A couple of weeks ago, as part of a panel discussion on women’s video cultures and the history of the Guerrilla Television movement hosted by the Chicago-based Media Burn Archive, Tracy Fitz and Barbara Jabaily, two of the founding members of the LoveTapesCollective (L.O.V.E. in the name standing for Lesbians Organized for Video Experience) reflected on their activities in the 1970s. As they described their interest in using video to record lesbian/feminist activities in the 1970s, the two emphasized how exciting and important it was simply to be able to see other lesbians.
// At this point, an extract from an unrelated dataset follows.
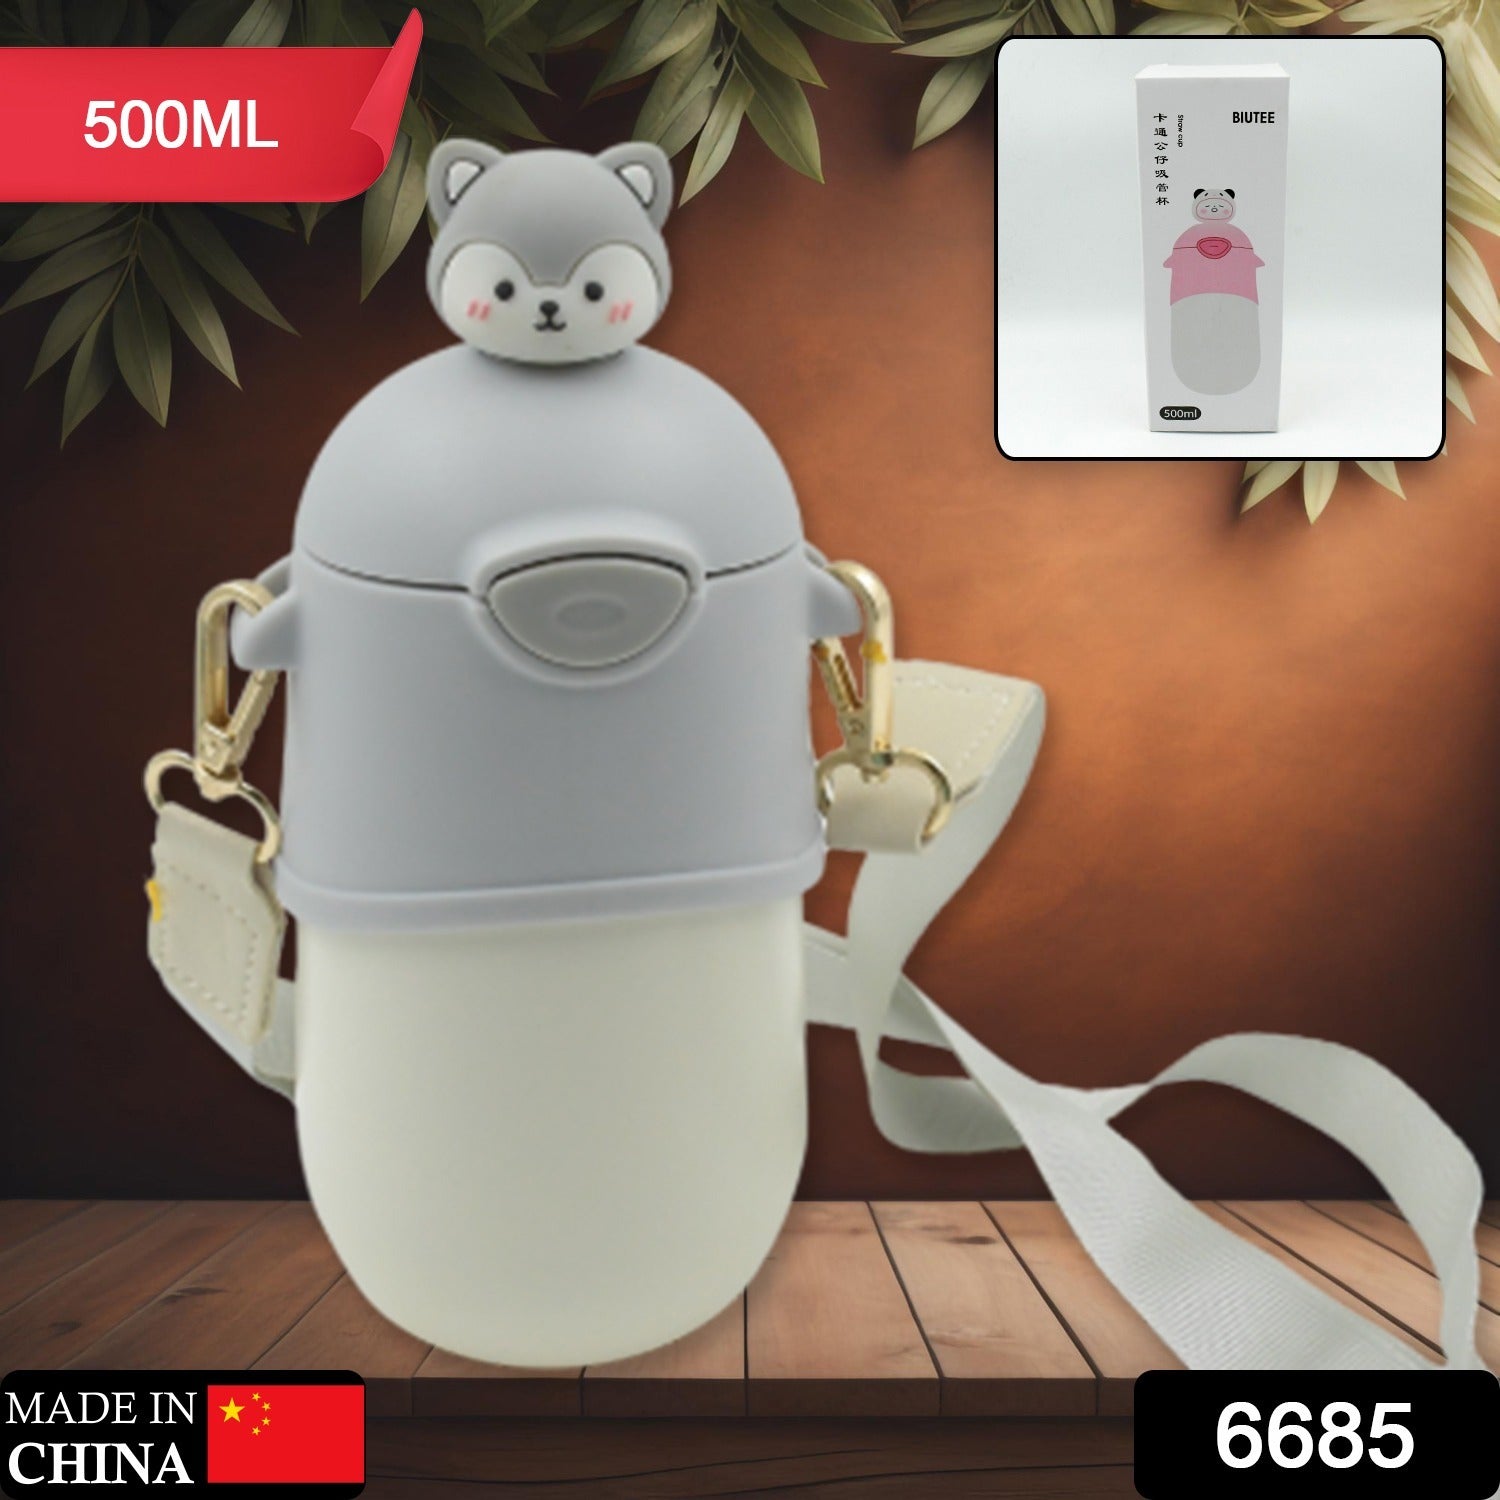 6685 Water Bottle 500ml With Dori and Hook Easy to Carry & Straw Cartoon Vacuum Flask Thermal Stainless Steel Portable Sealed Bear Water Bottle for Gifts Water Bottle for Gifts for Outdoor/ Office/Gym/School (500 MlL)

It’s hard to imagine that now: How radical it was at the time for lesbians, or trans or queer people, simply to be able to see people like them.
“Images on Which to Build, 1970s–1990s,” an exhibition currently on view at the Chicago Cultural Center, presents a range of feminist, trans and queer image-making practices that attest to that power but, as the exhibition curator Ariel Goldberg notes in the exhibition text, the image cultures under question went beyond “beyond the visual,” to create space “where felt experiences of affirmation, recognition and connection” too, could be forged.
Such a result is palpable in the exhibition. Featuring work from nearly thirty artists, collectives and archives, the show offers both eulogies and celebrations of queer life, and serves as just a small taste of how artists and activists expanded the subjects of photography in the 1970s and eighties while creating alternative models for presenting art and ideas.